My first time on the forum.

I am doing some work with a high speed camera that I have been loaned. it will shoot at up to 650,000 fps but the resolution drops throught the floor at the highest frame rates. My work is generally going to be close up with quite a few shots in macro. I need powerful lights but they don't necessarily need a very wide spread - around 6 feet maybe. I have a bicycle light that is 800 lumens and that gives me a reasonably decent amount of light when I'm shooting very close up. I need something more powerful though. But I only really have up to around $500 to spend on this. I already have some decent Tungsten lights but, as mains, they will flicker when shooting at high frame rates. I don't have 3-phase power or a generator so can't go for very high wattage (5KW+) Tungsten which would avoid the flicker. So, with my budget that leaves me with battery light options. I could get something like http://www.lightandmotion.com/choose-your-light/stella-pro/stella-1000 but that only gives me 1000 Lumens. A flashlight would give me a lot more output for my money, giving several times higher lumens output - 3000+. Are there disadvantages? I know that the color balance won't be the same as a properly claibrated cmaera light but I could fix that and may shoot in B&W anyway.

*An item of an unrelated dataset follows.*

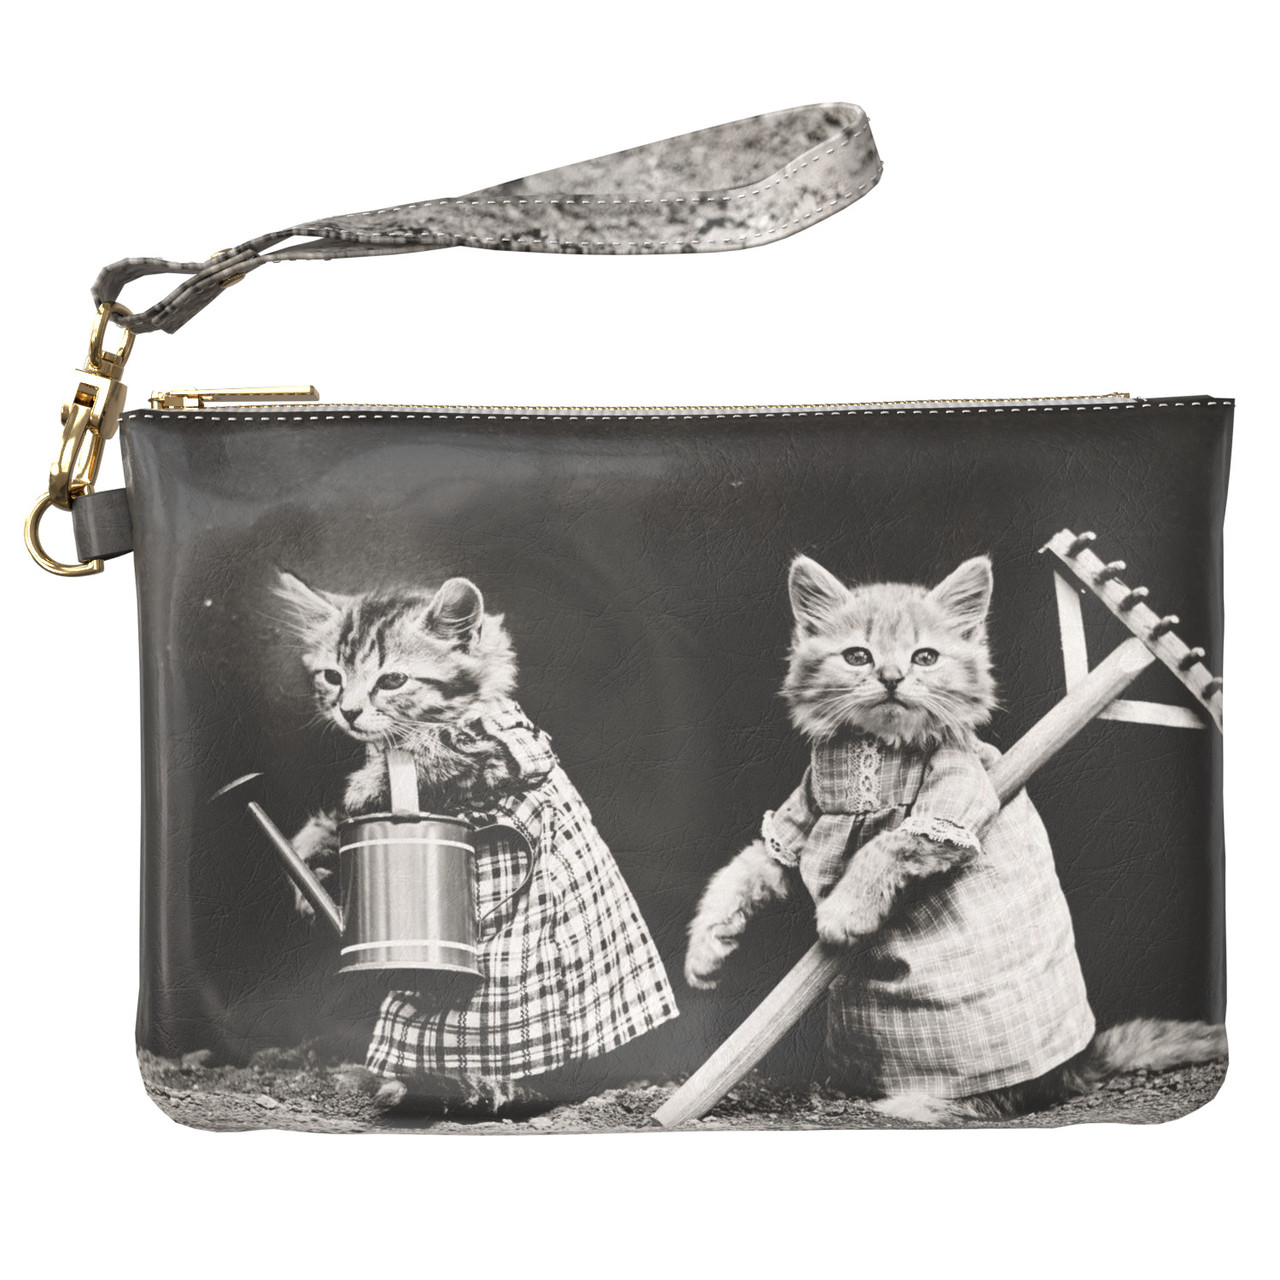 Жіноча косметичка, дорожня сумочка (Чорно-білі кішки) ручної роботи з еко-шкіри

Any advice would be great. Thank you.


----------



## ssanasisredna (Jan 17, 2017)

insch said:


> My first time on the forum.
> 
> I am doing some work with a high speed camera that I have been loaned. it will shoot at up to 650,000 fps but the resolution drops throught the floor at the highest frame rates. My work is generally going to be close up with quite a few shots in macro. I need powerful lights but they don't necessarily need a very wide spread - around 6 feet maybe. I have a bicycle light that is 800 lumens and that gives me a reasonably decent amount of light when I'm shooting very close up. I need something more powerful though. But I only really have up to around $500 to spend on this. I already have some decent Tungsten lights but, as mains, they will flicker when shooting at high frame rates. I don't have 3-phase power or a generator so can't go for very high wattage (5KW+) Tungsten which would avoid the flicker. So, with my budget that leaves me with battery light options. I could get something like http://www.lightandmotion.com/choose-your-light/stella-pro/stella-1000 but that only gives me 1000 Lumens. A flashlight would give me a lot more output for my money, giving several times higher lumens output - 3000+. Are there disadvantages? I know that the color balance won't be the same as a properly claibrated cmaera light but I could fix that and may shoot in B&W anyway.
> 
> Any advice would be great. Thank you.



Get boost drivers off EBAY and buy COB LEDs(Bridgelux). You can pull 500+W from 12W battery, 1000W if it's AGM. You only need very short illumination periods. 10000 lumens at 100W is reasonable. You can build in increments of 10000 lumens for <$60-70 + mounting HW and the battery.

Other option is an RC LiPo battery. If you only need a few minutes you could have a fairly small battery.


----------



## RedLED (Jan 22, 2017)

What are you shooting?


----------



## brickcheck (Mar 12, 2017)

You should post some of your photos after you take them. I always like seeing these ultra high frame per second photos


----------